Scripture talks about the "groanings too deep for words" in Romans 8:26. That’s a far cry from a song lyric about God picking up the melody when we lose our pitch. Reality is rarely that musical. When you’ve been laid off, when your identity isn't just "failing" but has been erased by a corporation, does God really "sing" to you? Or is that just a way to avoid the crushing silence of a God who doesn’t always speak in clear, melodic tones?
Then there’s the demand: "Leva-me no mais profundo do Teu ser." It’s a bold request. Most of us pray to be kept safe, not to be taken into the depths of a "fire that will never go out." That’s Cheap Grace territory if we aren't careful—treating God like a furnace to warm our hands while ignoring the fact that fire burns everything it touches. If you’re really going into the depths of a holy, consuming God, you aren't coming out the same. You might come out broken. You might come out with nothing left to perform.

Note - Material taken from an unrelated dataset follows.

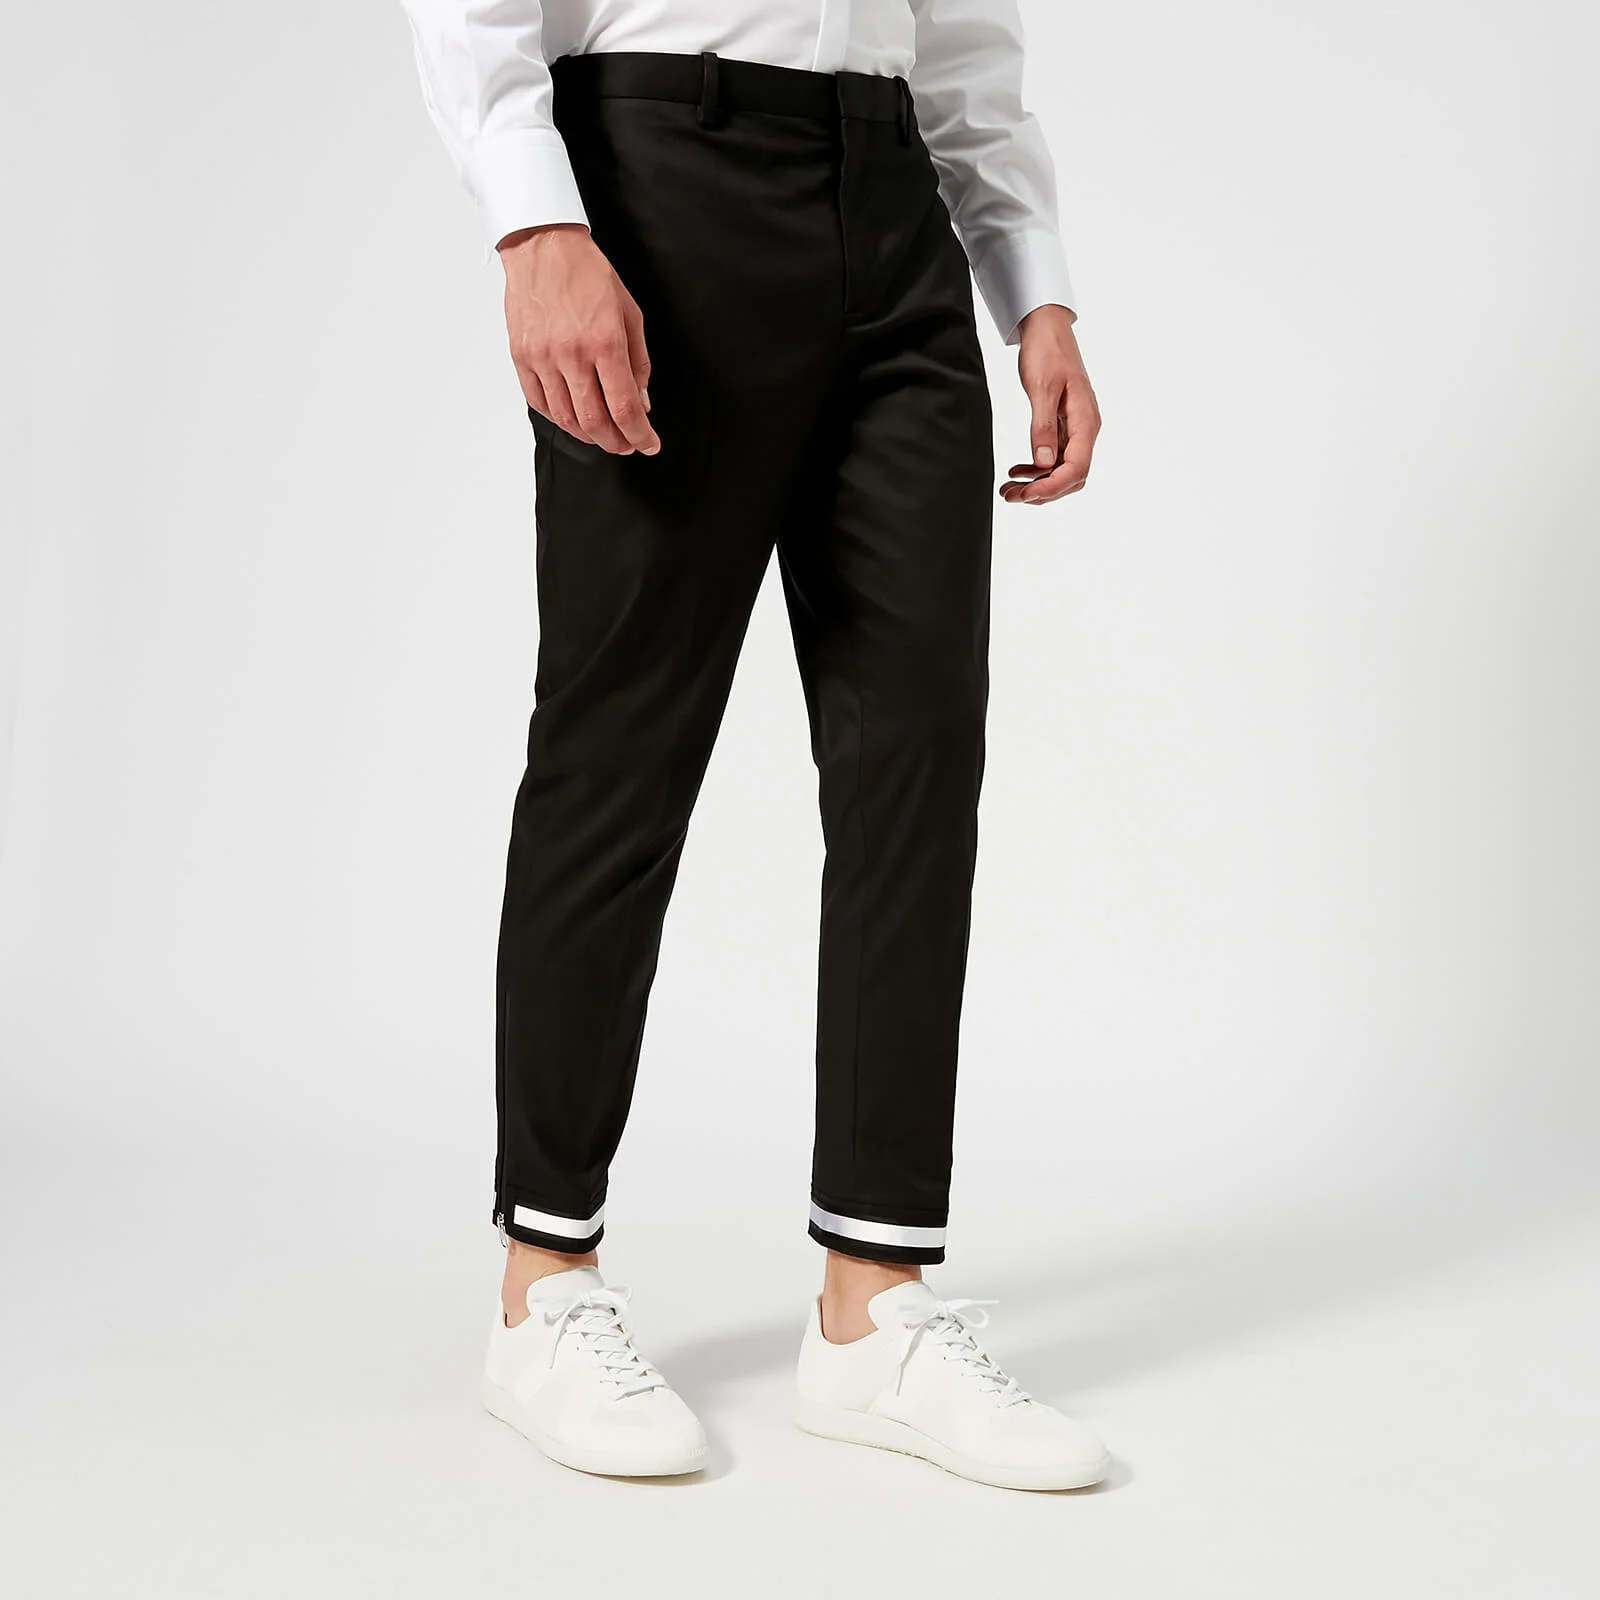 Neil Barrett Men's Cuff Taping Side Zip Pants - Black/White Image 1

I appreciate the vulnerability Rocha brings to the stage, but I wonder if we’re using these songs as a distraction from the fact that sometimes, He doesn’t "revelar quem eu sou" (reveal who I am) in a way that makes sense. Sometimes, He leaves us in the dark.
I’m left wondering if we prefer the song because it offers a conclusion. It wraps up the anxiety of being "cercado em meio a vozes" (surrounded by voices) with a tidy chorus about love. But what if the voices never stop? What if you’re still standing there, waiting for a whisper, and the only thing you hear is the air conditioner humming?
Maybe there’s something to be said for the silence after the song ends. If the "fire" is real, it shouldn’t just be a line we belt out. It should be the thing that keeps us awake at night, wondering if we’re actually being refined or just burned. I don’t have an answer for that. But I’m not sure the song does, either.